Yet, investors’ reaction have been mixed. While clients have bolstered their investments in multi-strategy hedge funds, they have pulled money from macro strategies to the tune of $26 billion, more than five times the net outflows in 2021. This contrasts with previous years when investors typically chased performance and inflows followed periods of good returns.

Macro hedge funds produced gains by betting on trades benefiting from spiraling inflation and central banks’ response to contain it. Short wagers on bonds and equities were profitable, while long wagers on commodities made money.

“Moving forward, we believe that returns will remain robust but normalize, as easy trades have already been realized by managers,” Preqin analysts wrote in the hedge fund tracker’s annual report.

Meanwhile, business is booming at multi-strategy investments firms that rely on dozens of traders making bets across asset classes.

They have been able to hire the best talent, even luring some well-established managers running their own single strategies with the promise of sticky capital, robust trading infrastructure and fat compensation packages.

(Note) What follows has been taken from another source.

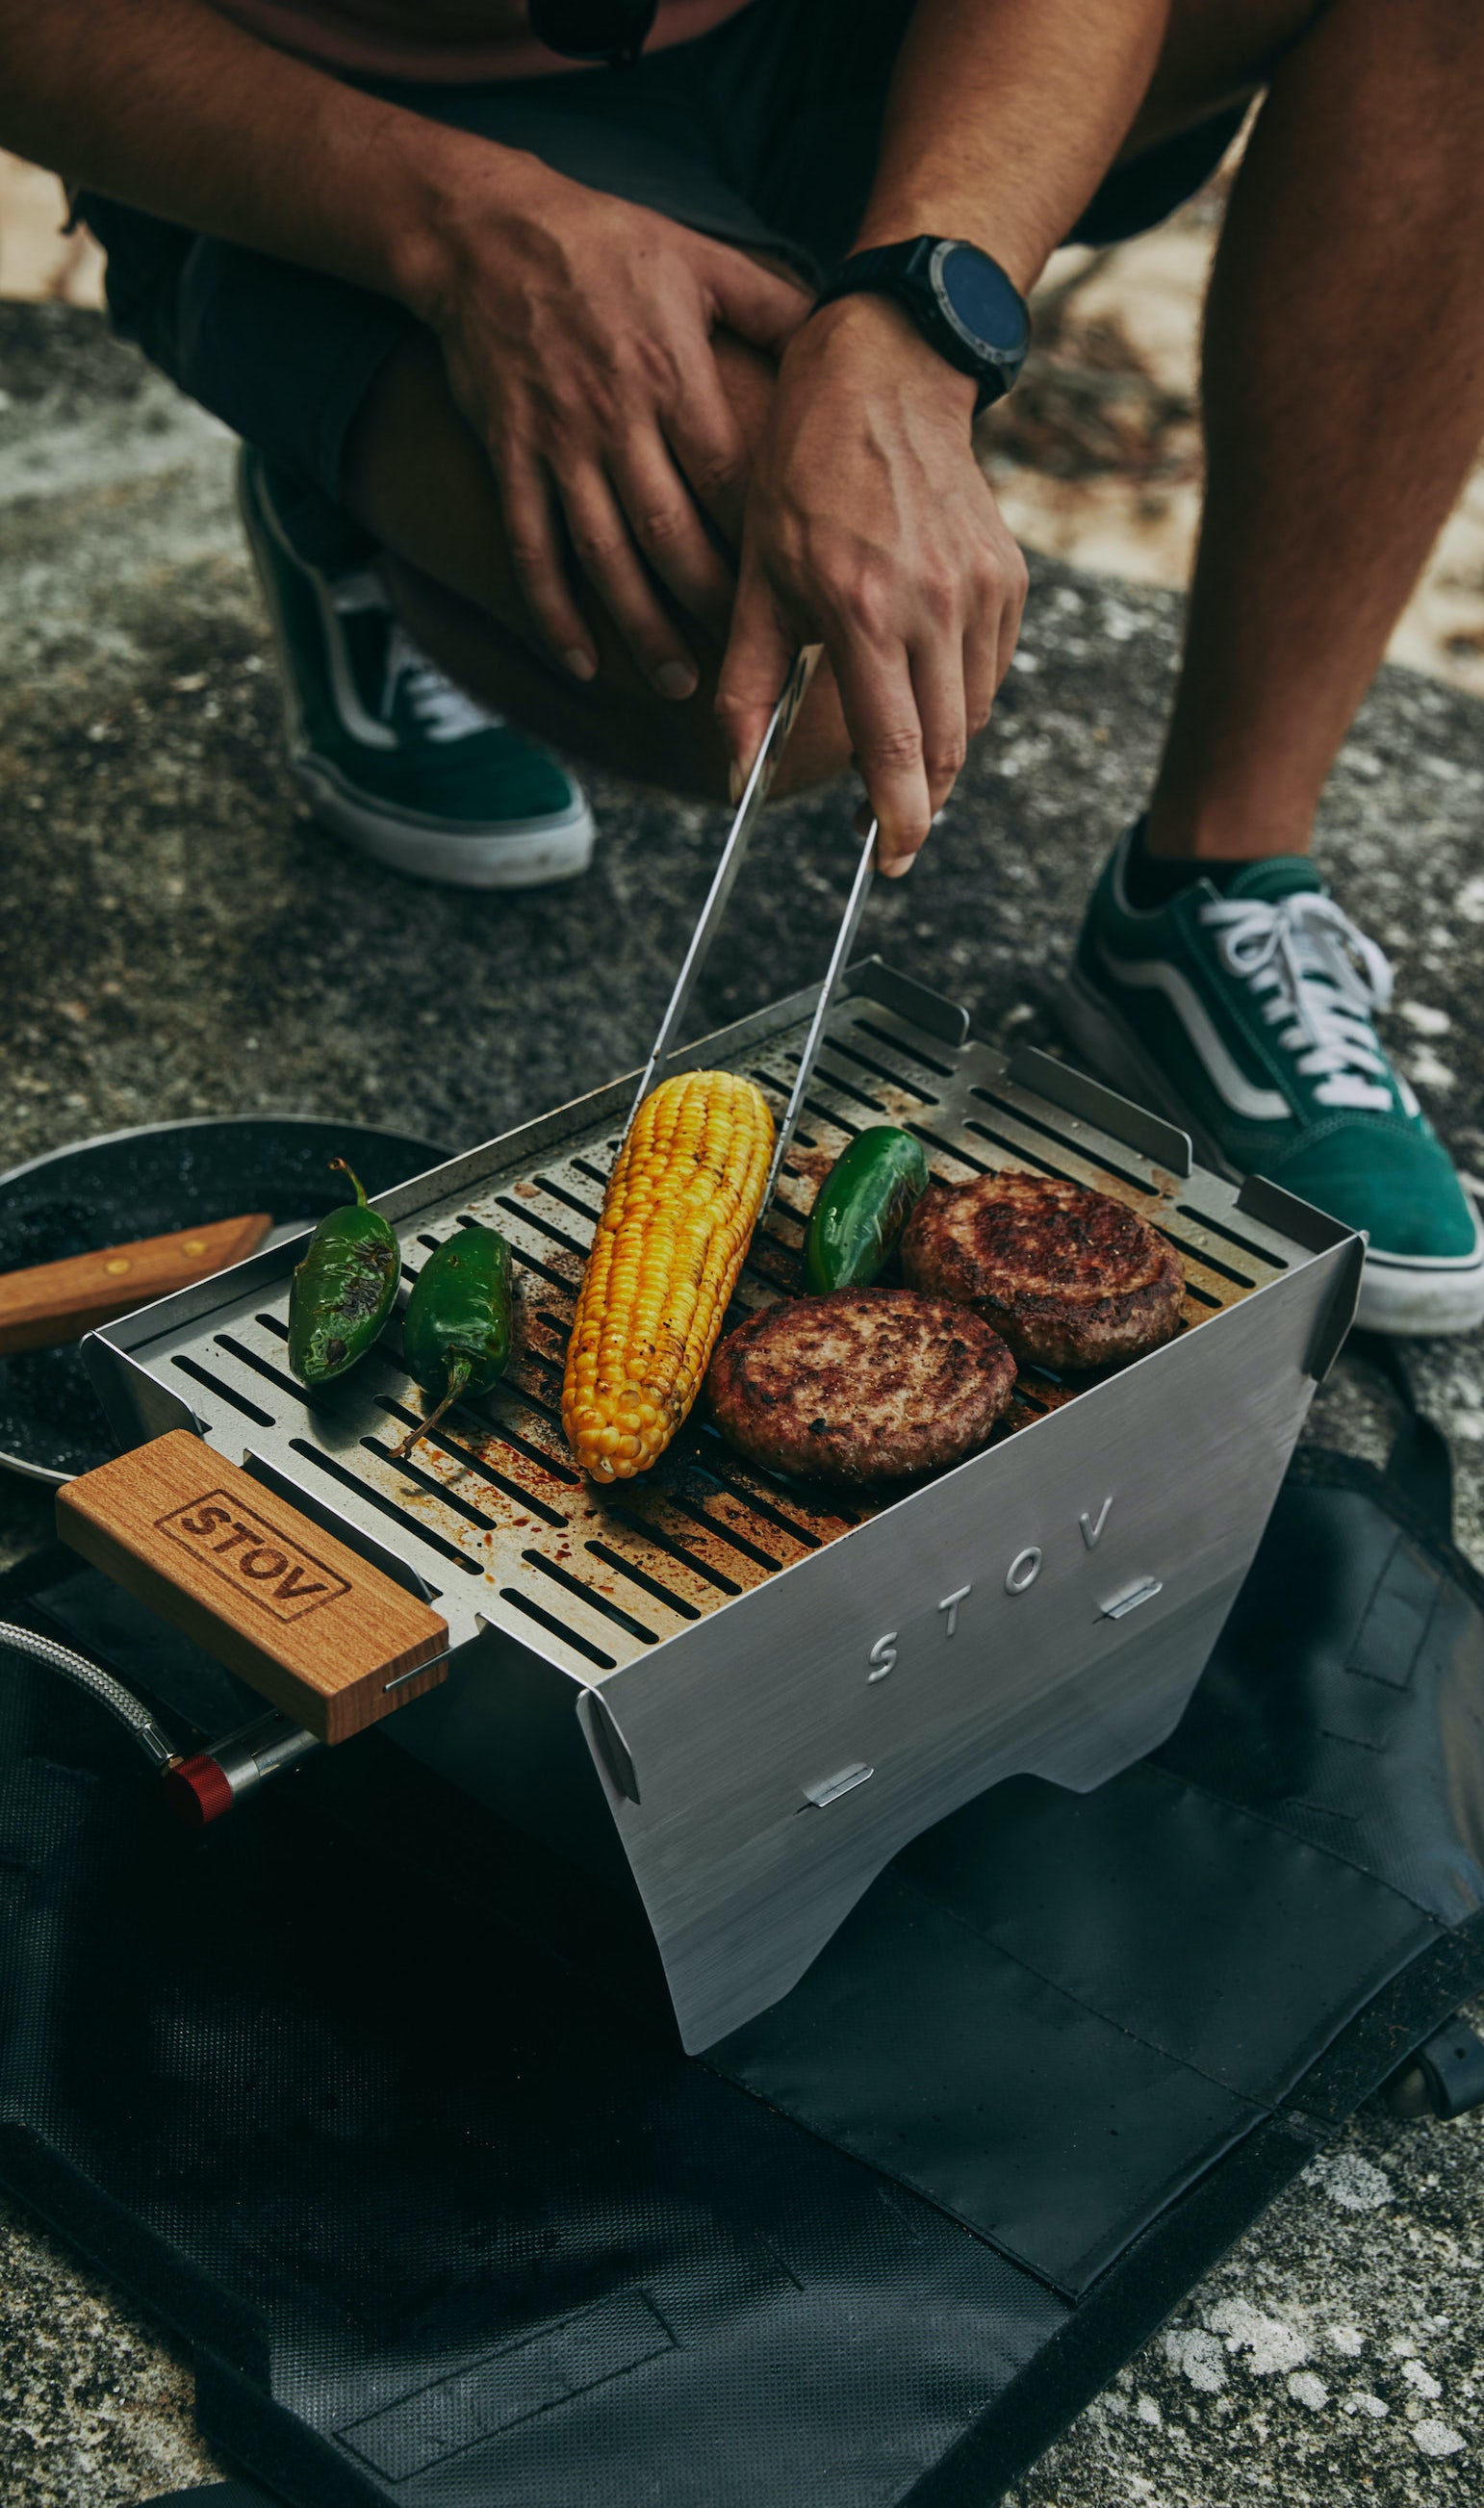 Best portable bbq for outdoor cooking and camping - the compact STOV gas BBQ set up cooking really good food

Powering the firms’ ability to poach the best traders is the adoption of the so-called pass through fee structure. The fee can cover everything from boosting pay to hiring, to covering rent and even entertainment. While management fees were traditionally set at an annual rate of 2% of assets, the pass-through charge isn’t set and can climb to 10% or more.

Recently, Ahmet Arinc, the former head of foreign exchange trading at Deutsche Bank AG, shut down his hedge fund after four years to join bigger rival ExodusPoint Capital Management with his team.

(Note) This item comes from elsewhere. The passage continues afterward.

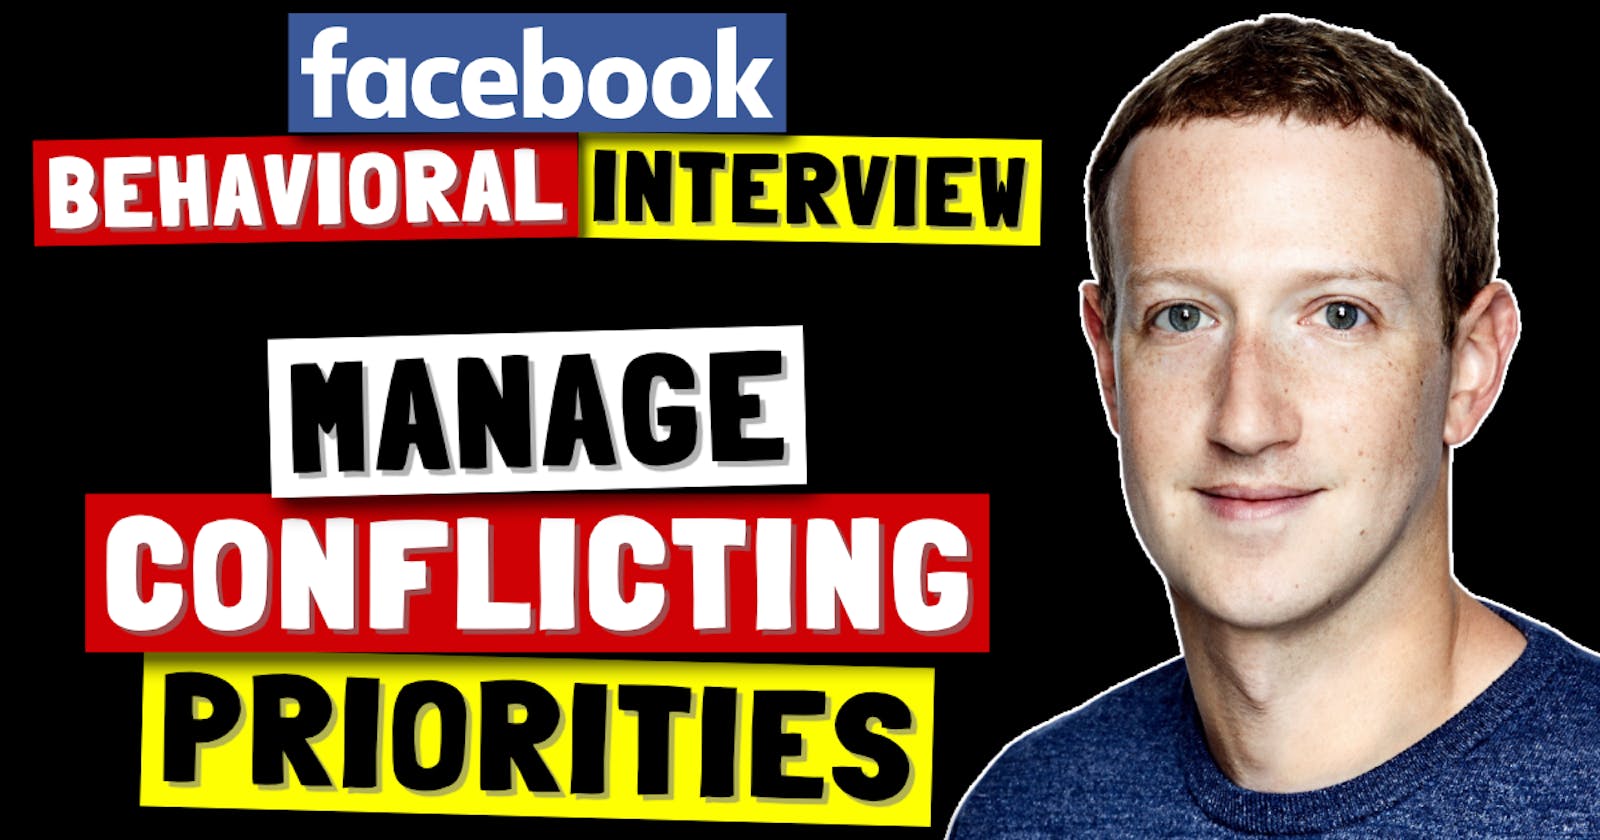 ✅ Tell Me About A Time You Had To Manage Conflicting Priorities | Facebook Behavioral (Jedi) Interview Series 🔥

Stock picker Heron Bay Capital also shut and its investment team led by founder Sean Gambino joined multi-strategy hedge fund peer Eisler Capital. Eisler itself is winding down its first hedge fund and ditched plans to start another fund to focus entirely on its multi-strategy money pool.

Such is the growth in the strategy, multi-strats are on the cusp of taking over equity long/short hedge funds as the most dominant money pools in the industry.

Hedge funds relying on computer-driven algorithms also generally profited from the wild swings in global markets. Soaring volatility and rising rates sparked major trends across fixed income, currencies and commodities market, providing opportunities to the algorithms designed to profit from any sustained rise or fall in asset prices.

“Quant macro strategies can thrive in this environment and make meaningful gains for clients, which has been particularly valuable in a year which has been so challenging for most asset classes,” said Mark Jones, deputy CEO of Man Group Plc that runs some of the biggest such funds. “We’d expect higher macroeconomic volatility to persist into next year and that usually bodes well for these strategies.”

These hedge funds won a big following after their roaring success through the 2008 global financial crisis when they produced double-digit gains as everything else failed. They are staging a comeback from years of mediocre gains amid muted volatility caused by quantitative easing.

The SG Trend Index, which measures returns of some of the largest quant funds in the world rose by almost 26% through Dec. 9, just shy of its best annual gain in 2002. 

Some of the biggest quant funds including Aspect Capital’s Diversified, Man AHL Alpha, Systematica’s BlueTrend and The Winton Fund have produced double-digit gains. The strategy is home of the highest concentration of funds producing returns in excess of 10%, according to data compiled by Preqin.